On GCC/Linux systems:
o Compiled ELF binaries are within the "linux" directory.
o You may also compile the source by running "make" within the
"src" directory.
o Copy the resulting binaries to your /usr/local/bin.
o Within the bash directory, you can find an example BASH script,
*JSYNC*, which I use for synchronizing files between two
computers connected over a slow network.
4. Usage
jdiff [options] original_file new_file [output_file]
*Options:*
-v Verbose (greeting, results and tips).
-vv Verbose (debug info).
-h Help (this text).
-l List byte by byte (ascii output).
-lr List groups of bytes (ascii output).
-b Try to be better (using more memory).
-f Try to be faster: using less memory, no out of buffer compares.
-ff Try to be faster: no out of buffer compares, no prescanning.
-m size Size (in kB) for look-ahead buffers (default 128).
-bs size Block size (in bytes) for reading from files (default
4096).
-s size Number of samples in mega (default 8 mega samples).
*Principles:*
*JDIFF* tries to find equal regions between two binary files
using a heuristic hash algorithm and outputs the differences
between both files. Heuristics are generally used for improving
performance and memory usage, at the cost of accuracy.
Therefore, this program may not find a minimal set of
differences between files.
*Notes:*
o Options -m and -s should be used after -b, -f or -ff.
o Accuracy may be improved by increasing the number of samples.
o Speed may be increased with option -f or -ff (lower accuracy).

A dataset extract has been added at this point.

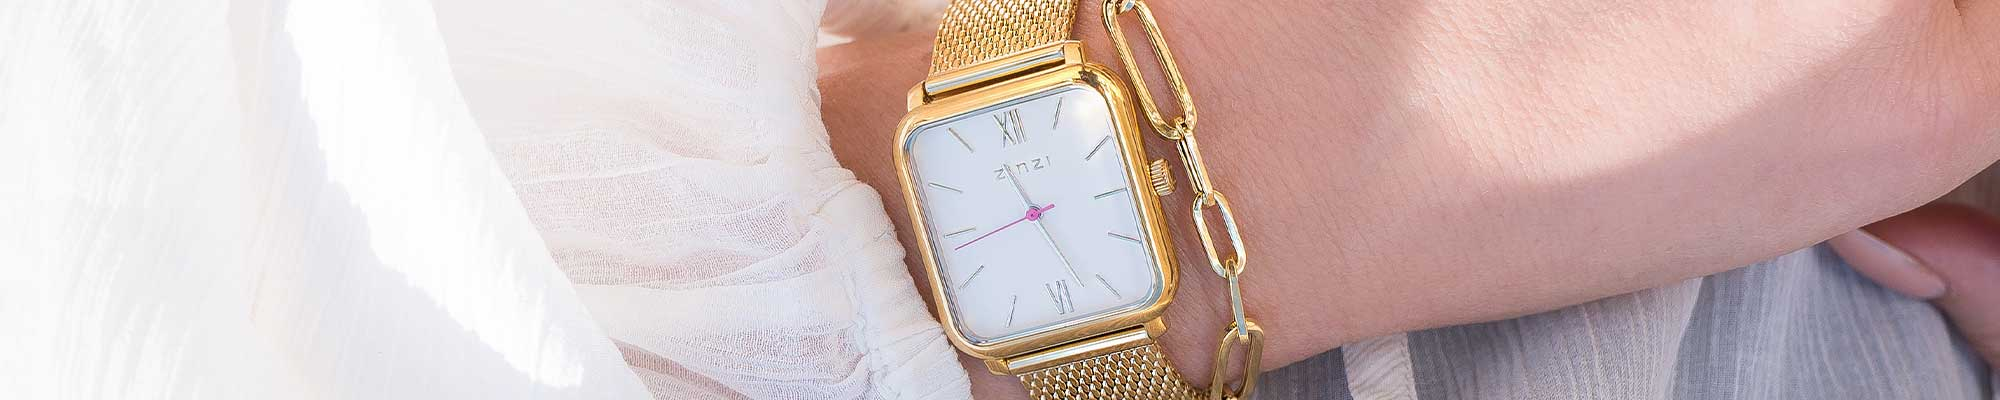 Square Horloges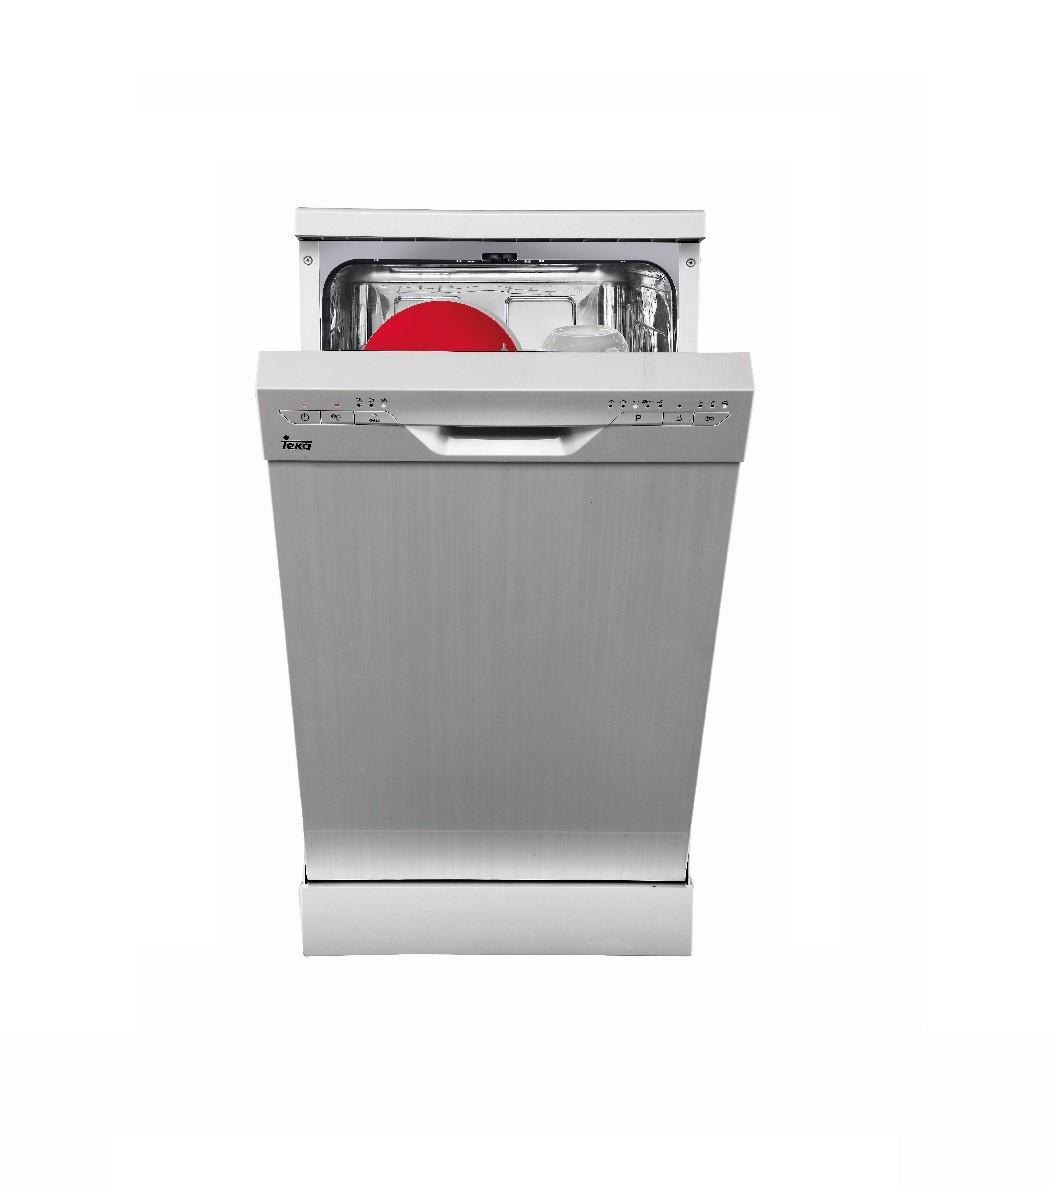 Teka LP8 410 Ελεύθερο Πλυντήριο Πιάτων 45cm

o Sample size is always lowered to the largest n-bit prime (n < 32)
o Original and new files must be random access files.
o Output is sent to standard output if output file is missing.
*Important:*
Do not use jdiff directly on compressed files, such as zip,
gzip, rar, because compression programs tend to increase the
difference between files ! Instead use jdiff on uncompressed
archives, such as tar, cpio or zip -0, and then compress the
files afterwards, including the jdiff patch file. Afterwards, do
not forget to uncompress the files before using jpatch. For
example:
*zip* -0 archive0000.zip mydir/* put mydir in an archive
*zip* -0 archive0001.zip mydir/* some time later
*jdiff* archive0000.zip archive0001.zip archive0001.jdf
difference between archives
*zip* -9 archive0001.jdf.zip send compressed difference file to
a friend
*zip* -9 archive0000.zip.zip archive0000.zip compress the
archive before sending to a friend
*...*
*unzip* archive0000.zip.zip restore uncompressed zip file
*unzip* archive0000.jdf.zip restore uncompressed jdf file
*jpatch* archive0000.zip archive0001.jdf archive0001b.zip
recreate archive001.zip
*unzip* archive0001b.zip restore mydir
You may also replace zip -0 by tar and zip -9 by gzip, or any
other archiving and/or compression utility you like.
jpatch [options] original_file patch_file [output_file]
*Options:*
-v Verbose (greeting, results and tips).
-vv Verbose (debug info).
-vvv Verbose (more debug info).
-h Help (this text).
*Principles:*
*JPATCH* reapplies a diff file, generated by jdiff, to the
original file, restoring the new file.
5. Contacts and remarks
Author: Joris Heirbaut
Contact me via sourceforge <http://sourceforge.net/projects/jojodiff>
If you like this program, please let me know ! If you reuse the
source code for your personal (open source) applications, it would
be great to let me know too.
6. Acknowledgements
Earlier versions of this software have been developed within the
Cygwin/GNU environment. More recently, development has been done in
Eclipse/CDT using GCC and MinGW/GCC.